The letter bearer is quickly discovered by a ragtag group of men – deserters from the British army, hoping to take refuge in the desert until the war ends. The men are without ranks and yet there is still a hierarchy in their makeshift camp. Brinkhurst assumes the role of commanding office, brusque, with every appearance of a “country gentleman”, except for his “sandblasted face”. Swann is his second, aggressive, terrifying and intent on command. And then there is the most pathetic figure of all, their Italian prisoner of war, Lucchi, who takes pity on everything from overheated chickens to the rider himself when he falls and can walk no further.

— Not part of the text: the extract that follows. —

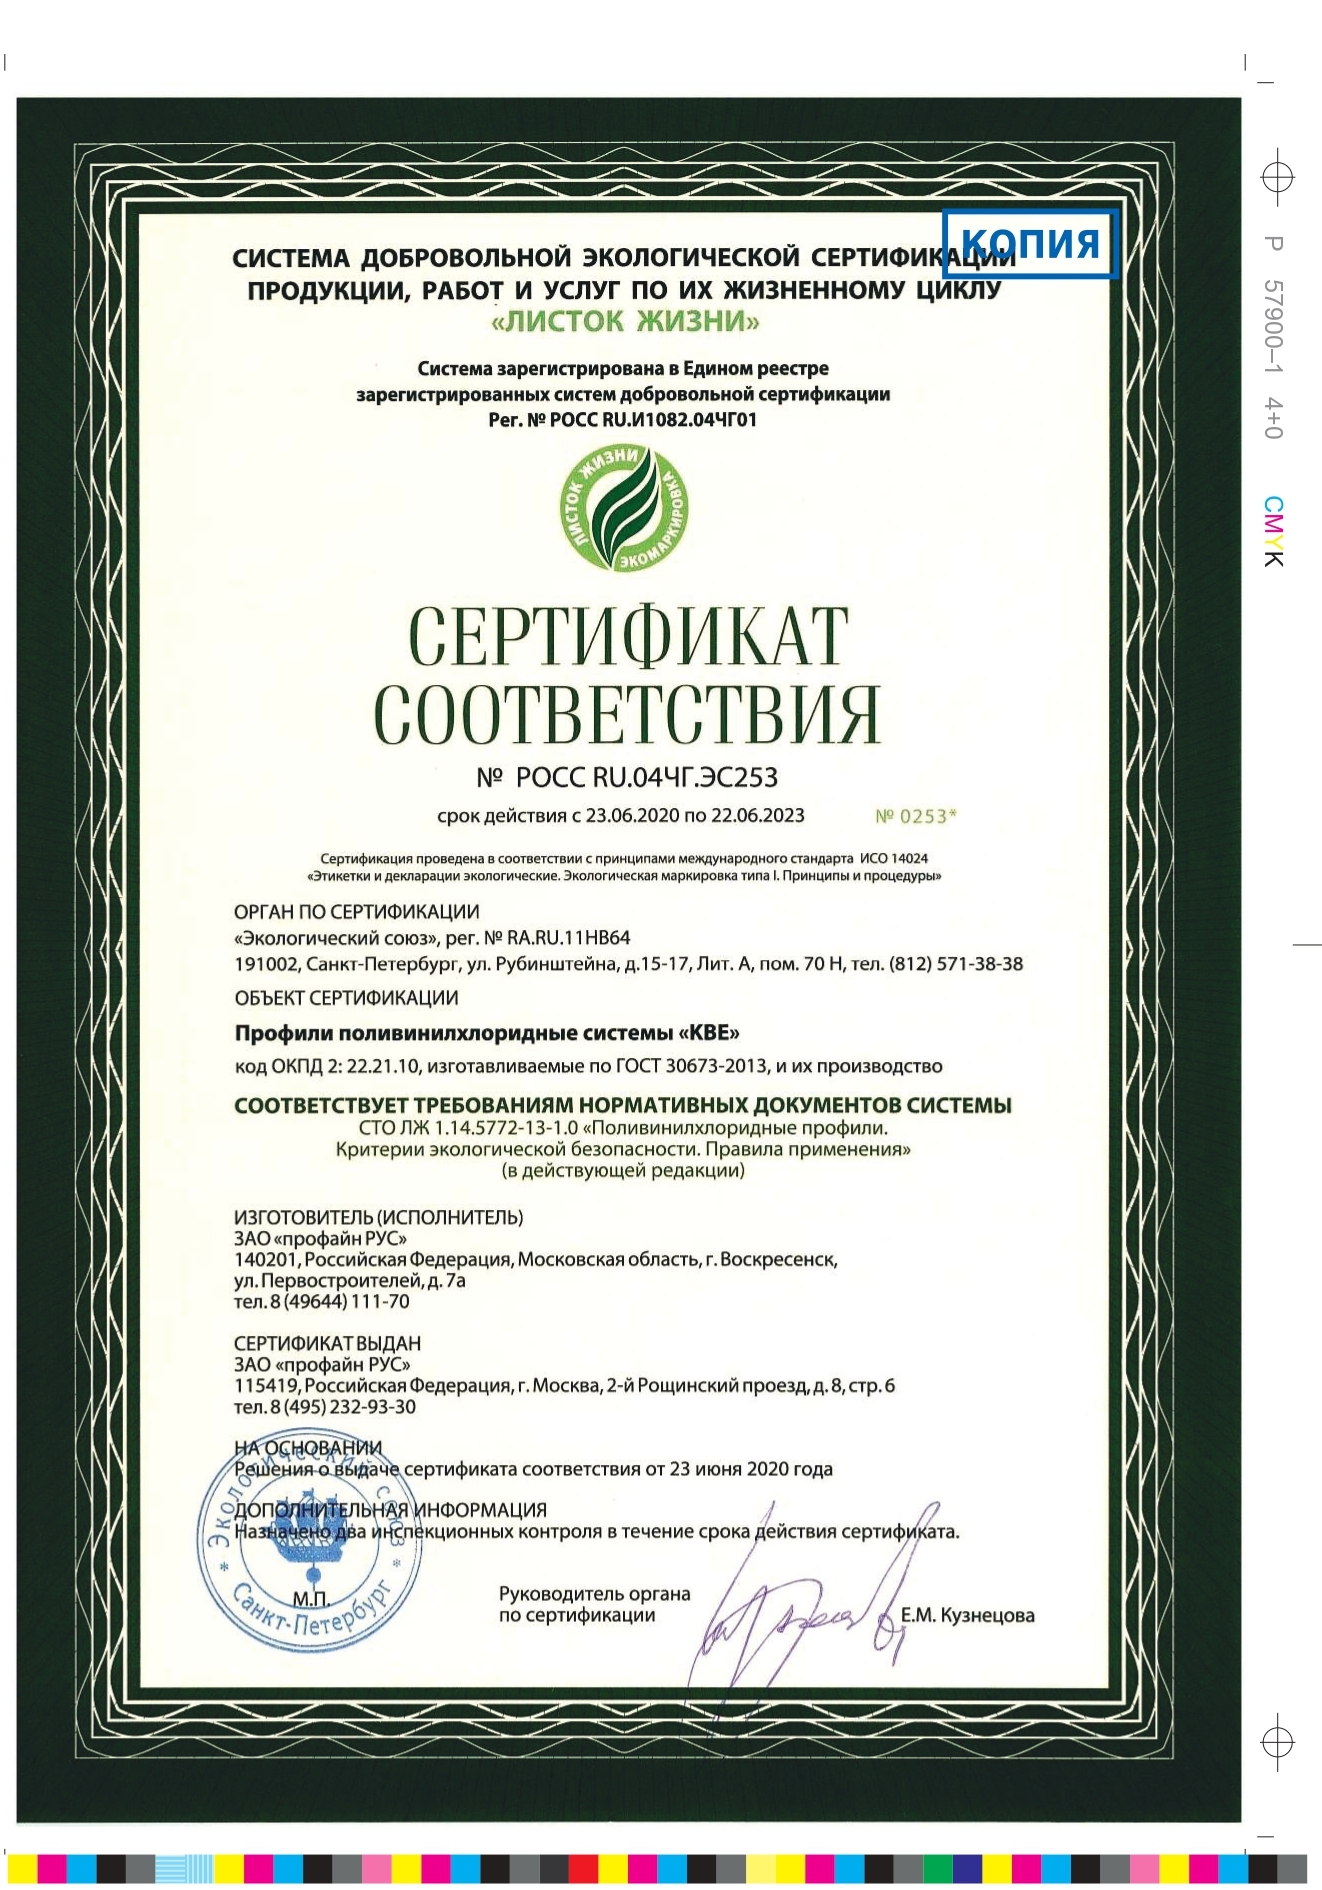 сертификат листок жизни_page-0001 (2)

The rider can remember nothing – but he has his bag of letters, all from one battalion's tank regiment. Every night, he reads over them – love letters, practical missives, confessions of misdemeanours past. He thinks he finds a letter written by him to his wife, but he cannot be sure and tries to construct a relationship with her in his mind. He drags his postbag everywhere, refusing to leave it even when he is so weak he can barely carry himself. The letters seem to hold the key to his past, as well as gesturing at a kinder, more ordered world than the desert anarchy in which he now survives.

In sinuous, intricate prose, Allison describes the letter bearer's physical pain, his mental disorientation, the incredible scenery of the desert, the casual brutality of the men. When they are spotted by an Italian plane and have to leave their camp to find another place to hide in the desert, the fragile structures of their world begin to collapse.

Allison's is a beautifully written investigation into alienation, guilt and the will to survive. The desert is a character itself, brilliantly alive and vividly depicted. Amnesia has proved a rich subject for fiction over recent years – and perhaps it is most so in the study of war, when even those who have their memory hope to forget what they have seen and so many wish, like the rider to be forgotten and “given up to mystery”. This is a gripping exploration of one man's travails – and through him, those of millions other men trapped in the terrible mechanism of war.